The hyperparameters are an open JSON object definition that can be used to provide relevant configurations for the model. Those can combine training details, inference runtime parameters, or both. For example, training hyperparameters could indicate the number of epochs that were used, the optimizer employed, the number of estimators contained in an ensemble of models, or the random state value. For inference, parameters such as the model temperature, a confidence cut-off threshold, or a non-maximum suppression threshold to limit proposal could be specified. The specific parameter names, and how they should be employed by the model, are specific to each implementation.

Following is an example of what the hyperparameters definition could look like:

{
  "mlm:hyperparameters": {
    "nms_max_detections": 500,
    "nms_threshold": 0.25,
    "iou_threshold": 0.5,
    "random_state": 12345
  }
}

Assets Objects

Field Name	Type	Description
mlm:model	Asset Object	REQUIRED Asset object containing the model definition.
mlm:source_code	Asset Object	RECOMMENDED Source code description. Can describe a Git repository, ZIP archive, etc.
mlm:container	Asset Object	RECOMMENDED Information to run the model in a container with URI to the container.
mlm:training	Asset Object	RECOMMENDED Information to run the training pipeline of the model being described.
mlm:inference	Asset Object	RECOMMENDED Information to run the inference pipeline of the model being described.

It is recommended that the Assets defined in a STAC Item using MLM extension use the above field property names for nesting the Assets in order to improve their quick identification, although the specific names employed are left up to user preference. However, the MLM Asset definitions MUST include the appropriate MLM Asset Roles to ensure their discovery.

A valid STAC MLM Item definition requires at least one Asset with the mlm:model role, as well as, an accompanying mlm:artifact_type property that describes how to employ it. An Asset described with this role is considered the "main" Model Asset being described by the STAC Item definition. Typically, there will be only one asset containing the mlm:model role. However, multiple Assets employing the mlm:model role are permitted to provide alternate interfaces of the same model (e.g.: using different frameworks or compilations), but those assets should have exactly the same model interfaces (i.e.: identical mlm:input, mlm:output, etc.). In such case, the mlm:artifact_type property should be used to distinguish them.

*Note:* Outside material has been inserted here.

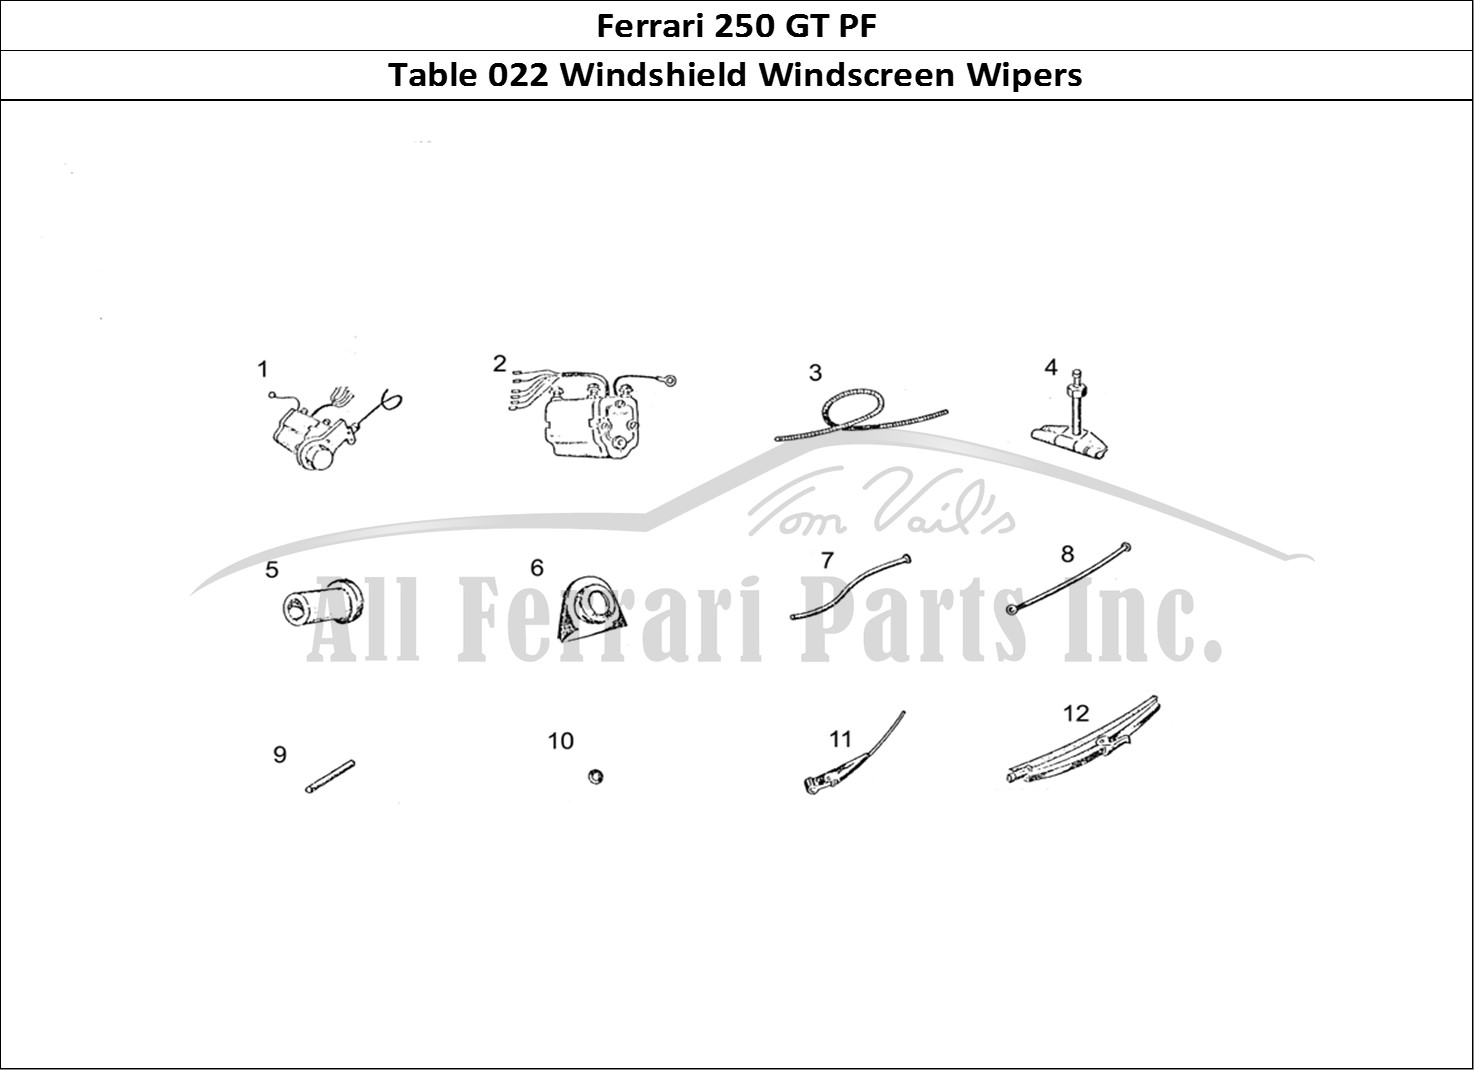 Ferrari Parts Ferrari 250 GT (Coachwork) Page 022 Wipers
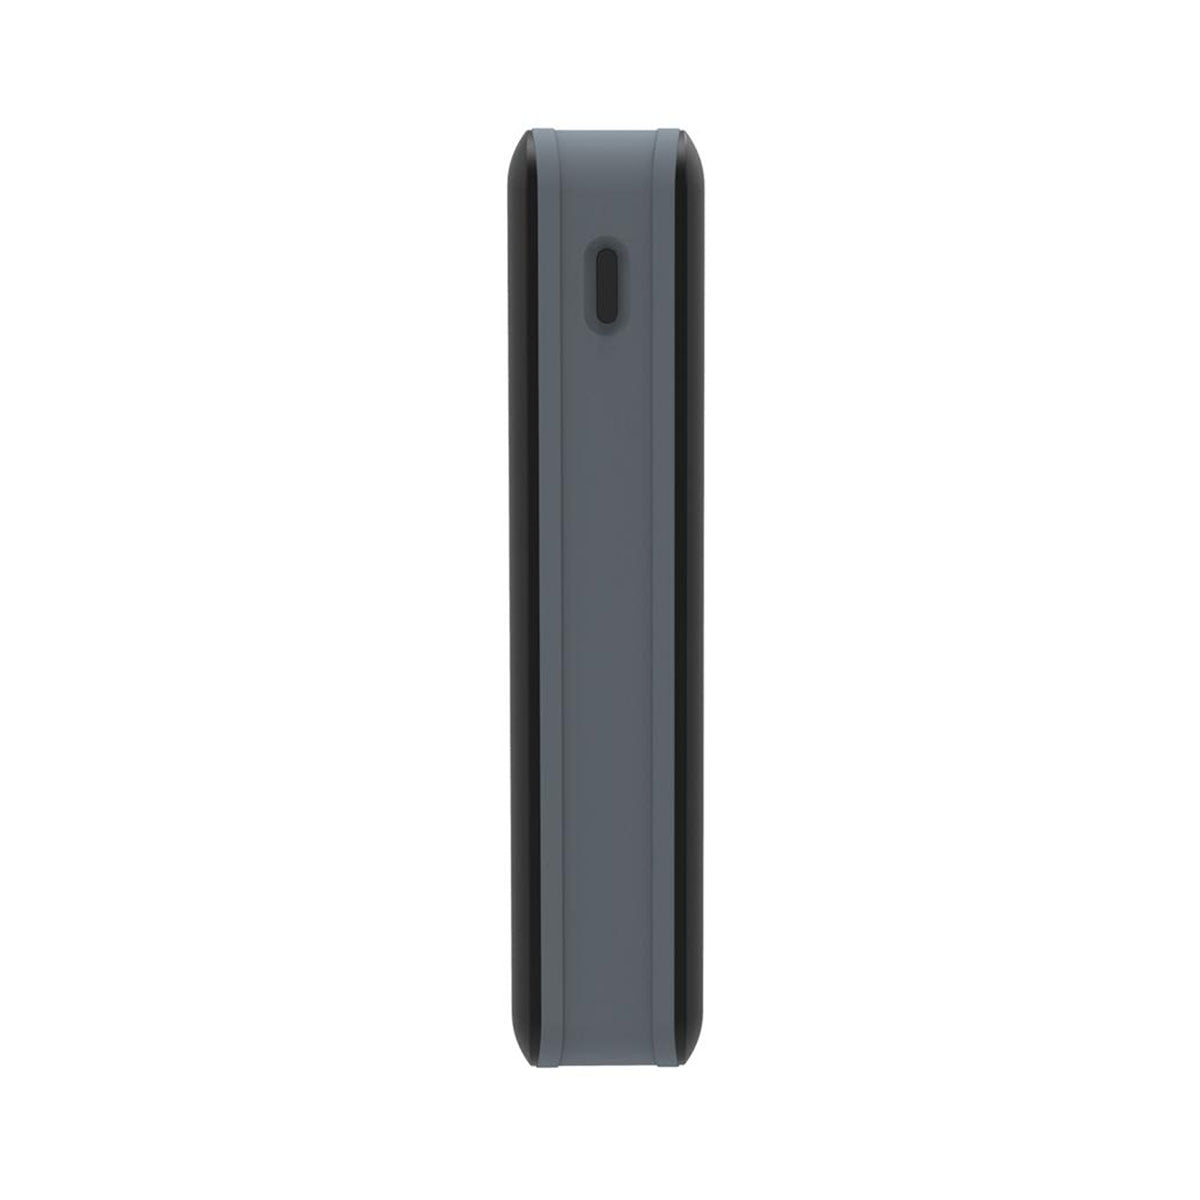 Cygnett Chargeup Ultra 20000 Mah 4.8A Powerbank - Black/Grey

Additional definitions such as the Source Code Asset and the Container Asset are considered "side-car" Assets that help understand how to employ the model, such as through the reference training script that produced the model or a preconfigured inference runtime environment. These additional Assets are optional, but it is STRONGLY RECOMMENDED to provide them in order to help correct adoption and use of the described model by users.

MLM Asset Roles

Asset roles should include relevant names that describe them. This does not only include the Recommended Asset Roles from the core specification, such as data or metadata, but also descriptors such as mlm:model, mlm:weights and so on, as applicable for the relevant MLM Assets being described. Please refer to the following sections for roles requirements by specific MLM Assets.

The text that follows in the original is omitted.